Looking for breakfast ideas or just a bit of inspiration on how to give the most important meal of the day its dues? Well, think of this as a definitive feast for anyone searching for a new favourite way to start the day. We’ll be serving up some options on everything from quick and easy wins and kids’ options to vegan-friendly breakfasts and on-the-go eats. Read on to find out more.

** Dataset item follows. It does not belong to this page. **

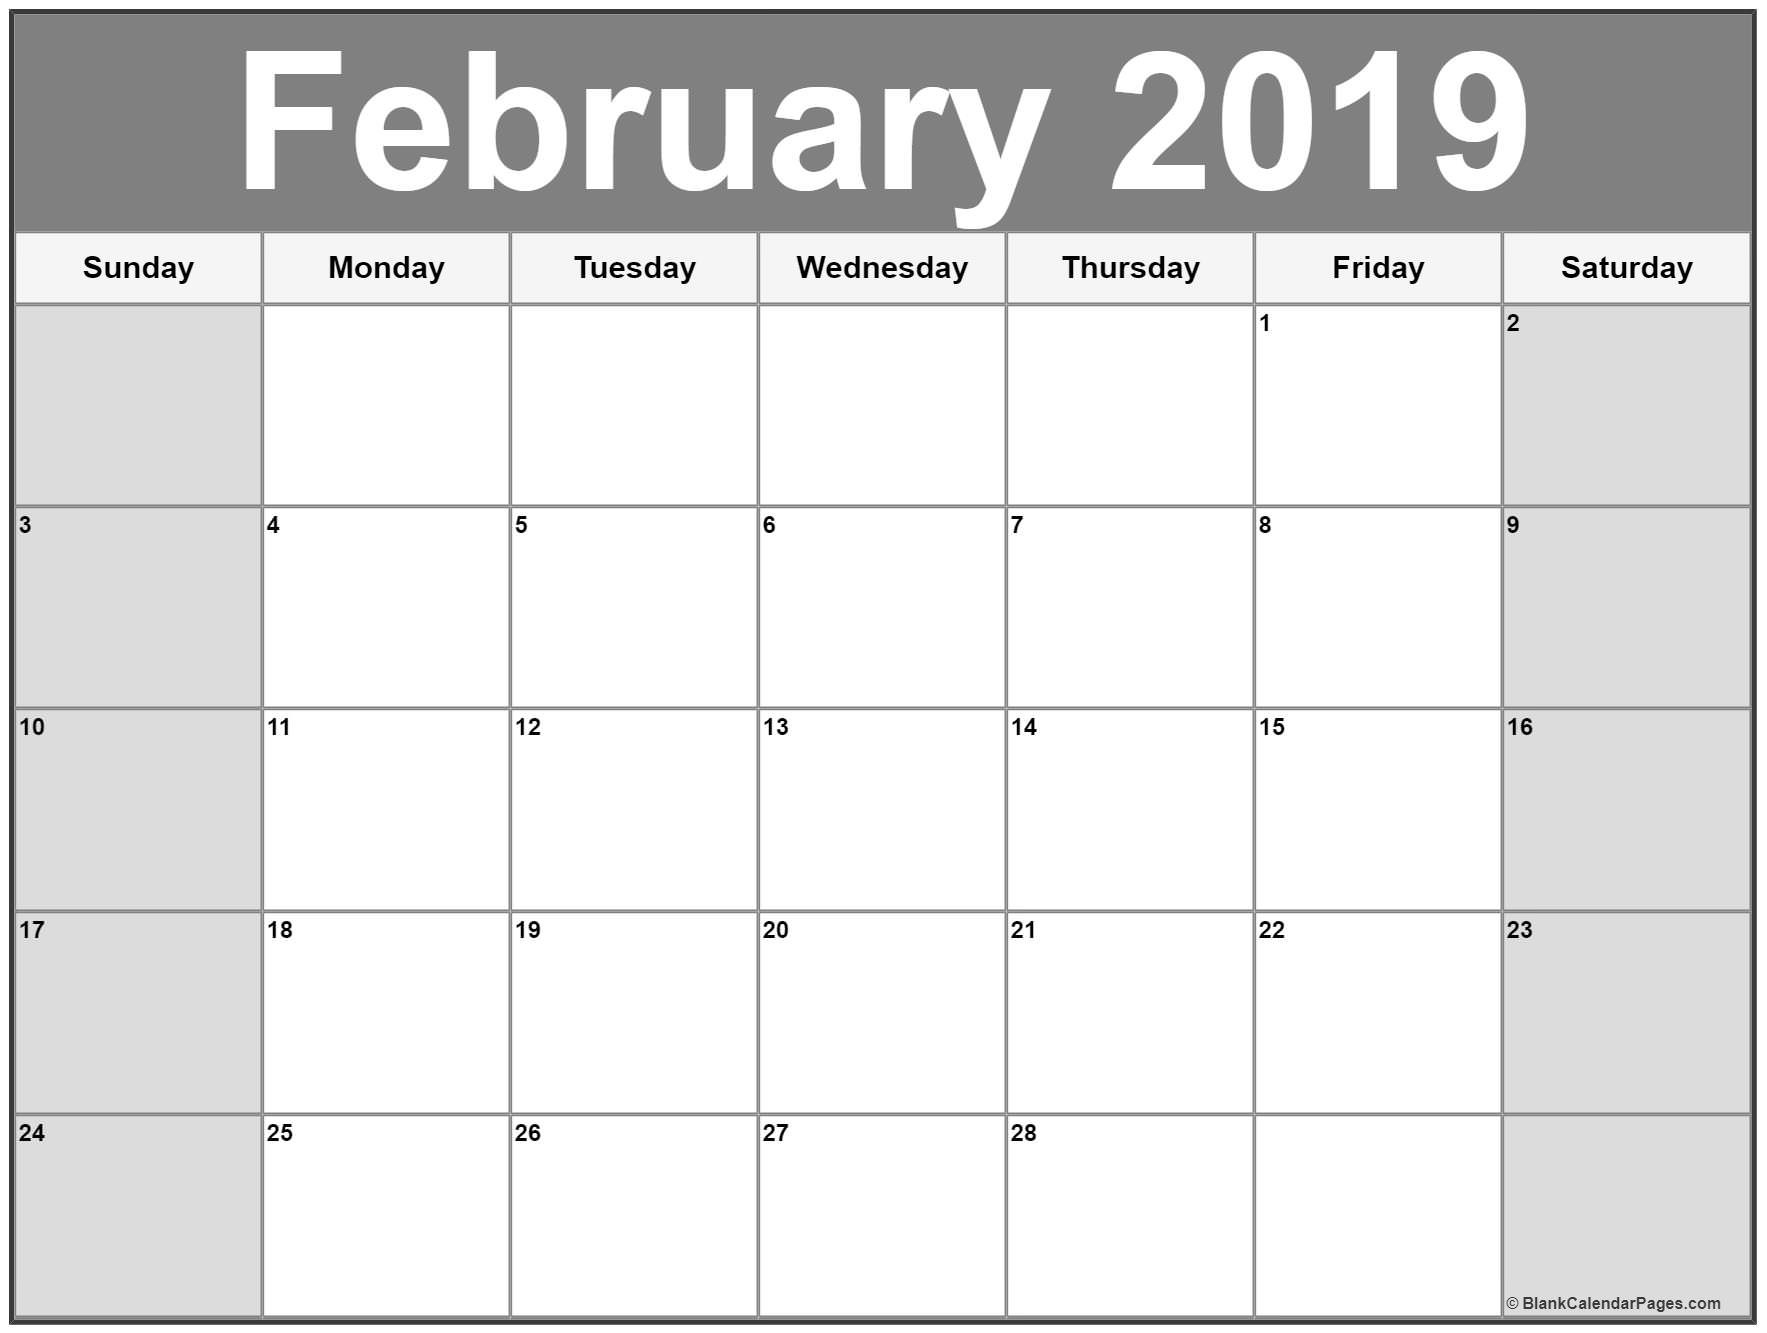 Free Printable Calendar Feb 2019 February 2019 Calendar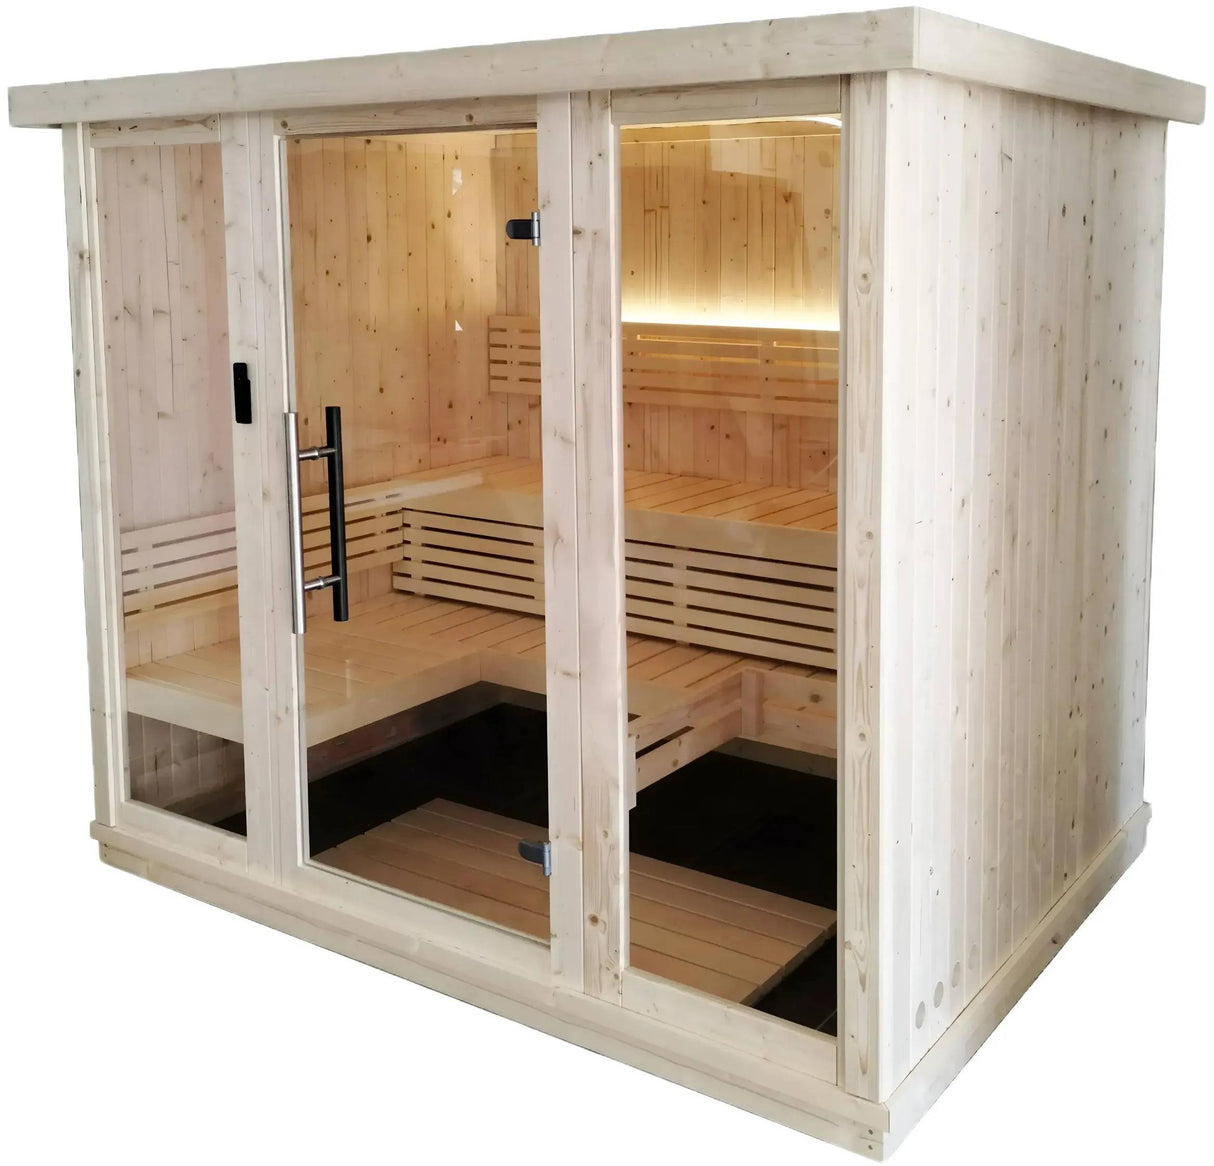 ZiahCare's SaunaLife Model X7 Indoor Home Sauna Kit Mockup Image 3

Why is Breakfast so important?

The clue is in the name – after a long night’s sleep you’re quite literally breaking a fast. If you think about it, eight hours would be rather a long time to go without fuel when awake. So while it’s important to get your beauty sleep, it’s just as vital to top up on those energy levels and get everything in balance ahead of your no-doubt busy day. Otherwise, you may be more likely to overeat come lunchtime and perhaps even more likely to opt for unhealthier options that give you that ‘quick fix’ of energy. On top of that many people say that having a good breakfast allows them to stay sharper and more focussed on whatever tasks their mornings might bring.

The key to great breakfasts?

Perfecting the art of a deliciously energising breakfast is easy when you know how. We’ve got four simple tips that might just help you wake up with a smile at the anticipation of what’s going to be in your bowl or on your plate that morning...

  1. Be prepared. Not everyone bounces out of bed and into the kitchen with a crystal clear plan for what that all-important first meal of the day is going to look like. Quite the opposite sometimes. A bleary-eyed fumbling in the cupboard for what feels like it might be the right box is more often the case. That’s why it pays to be prepared. By ‘prepared’ we mean quick habits; like taking two minutes to just set out what you need on the kitchen worktop, or making sure you’re stocked up on little extras like healthy toppings (for your porridge or overnight oats perhaps) and they’re within easy access. Trust us, finding ways to save on that extra bit of effort in the morning will really make a difference to how enjoyable your breakfast is the next day.
  2. Make sure you have some options to experiment with. If you’re in the habit of planning out your breakfast the night before, things like toppings (fresh fruit diced up and put away in a tupperware, nuts, seeds, honey, grated apple for example) or alternative ingredients (non-dairy milks, wholegrain oats and breads to name a few ideas) for whatever dish you might have in mind will really help. And who knows? You might just stumble on the next big breakfast sensation. Keeping your options open like this is a fantastic way to engage even the most fickle of kids too.
  3. Keep it healthy. The temptation to opt for a tasty, yet sugary and/or fatty option for breakfast can be strong. While a treat is great once in a while (more on that later) you can seriously affect your concentration, energy and all round health in a positive way by opting for something with good nutritional value. It’s a bit of a no-brainer but one that bears repeating: starting out your day in a healthy way really pays off in the long run.
  4. Mix it up Having the same thing day in, day out (even if it’s a favourite) gets boring after a while. The great thing about having a good repertoire of breakfast ideas is that you’ll never have a reason to be uninspired in that arena again… as long as you follow tip 1 and are well stocked up of course.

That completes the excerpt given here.